I was going to end the blog in June after my wedding, but as the date gets closer, I am starting to realize that this wedding thing might actually take up more of my time than I thought. So I’ve decided to say goodbye on a high note and not be one of those bloggers that just fades away with fewer and fewer posts.[singlepic id=224 w=320 h=240 float=right]
It goes without saying that this has been an incredible journey. Almost two years ago I made a decision to take control of my life by doing something simple: talking to strangers. It turned out not to be so simple after all and I never could have imagined ago the impact that my decision would have on my life.
It’s not just the obvious boon of meeting and marrying Michelle. Or the relationships with countless others, both profound and mundane, that I’ve nurtured over the course of the Project. The result I’m most proud of is the change in me.
I used to overthink things and the dialog in my head about what the other person would say if I started a conversation would be too much to overcome. Does this person just want to be alone? What if they don’t like me? What if I embarrass myself?
Now, it’s not that I don’t care, I do, it’s just that I know most people like people. And those who don’t, the people who say “Fuck off,” well, I’m better able to brush it off. Because I’ve racked up some wins, I can better ignore the defeats.
Talking to people has become second nature. I really am that guy in the elevator now who says, “How’s everybody doing?” (Okay, maybe not really like the Sparklets guy, but I have spoken to a lot of people in elevators.) I just like the excitement of not knowing what’s going to happen when you interact with another person. It still makes my heart race when I approach someone, but now it’s exciting, not terrifying.
I think what I’m trying to say is that I’ve become the person I never even knew I could be. Sure, maybe I’m unemployed, but that doesn’t seem to matter right now. I’m about to go on this journey with Michelle and it just feels awesome.

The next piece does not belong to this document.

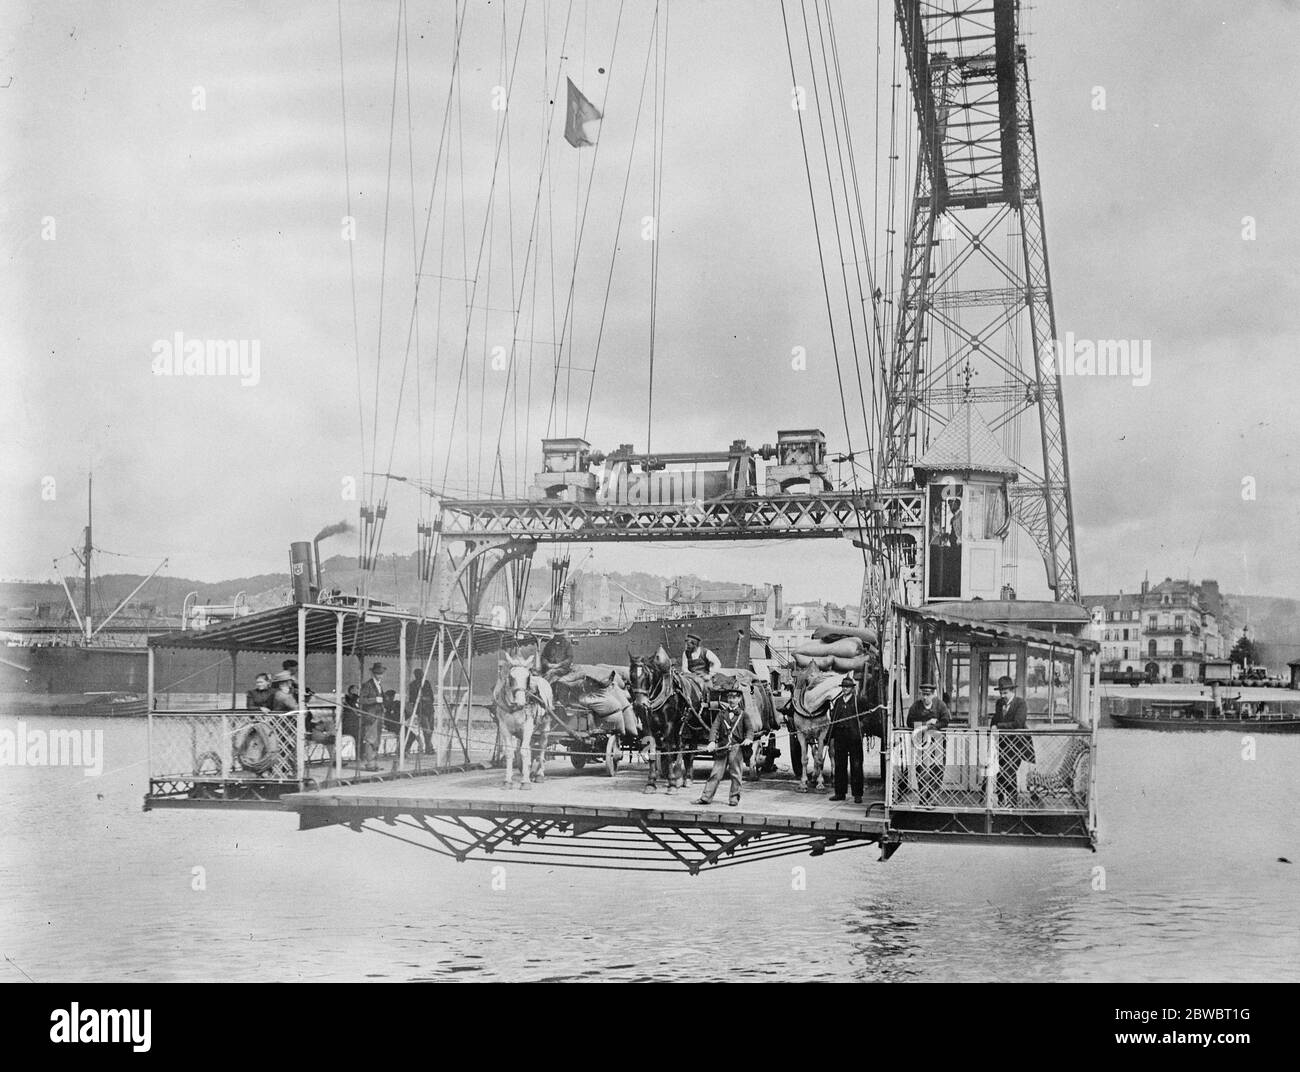 El puente más útil de Rouen . Una imagen interesante del gran Transbordeur a través del Sena. La imagen muestra pasajeros y tráfico vehicular a punto de llegar en la margen izquierda. 21 de enero de 1925 Foto de stock

I know I’ve said most of this stuff before. After two years, I’ve said pretty much everything I can think of. But one thing I don’t think I’ve said enough is how much I appreciate the support and emails and comments from the people who’ve been following this Project. For every comment you see, I get a few private emails from people telling me about their lives. About how they’re shy or just in a situation where it’s tough to meet people. I respond to every one of them and I tell them if I can do it, so can you. Sometimes, it’s heartbreaking to hear about younger kids–teenagers or college students–telling me about how hard it is. But trust me, the hardest part is taking that first step.
I don’t want to be all self-congratulatory, patting myself on the back for my own successes or for being all “inspirational” to other people. But I have learned a lot and I think it’s worth sharing. It all boils down to this: people were not meant to be alone. We need human interaction. It’s what makes life worth living. And unfortunately, sometimes that takes effort. Sometimes it takes a shitload of effort. But it’s never not worth it.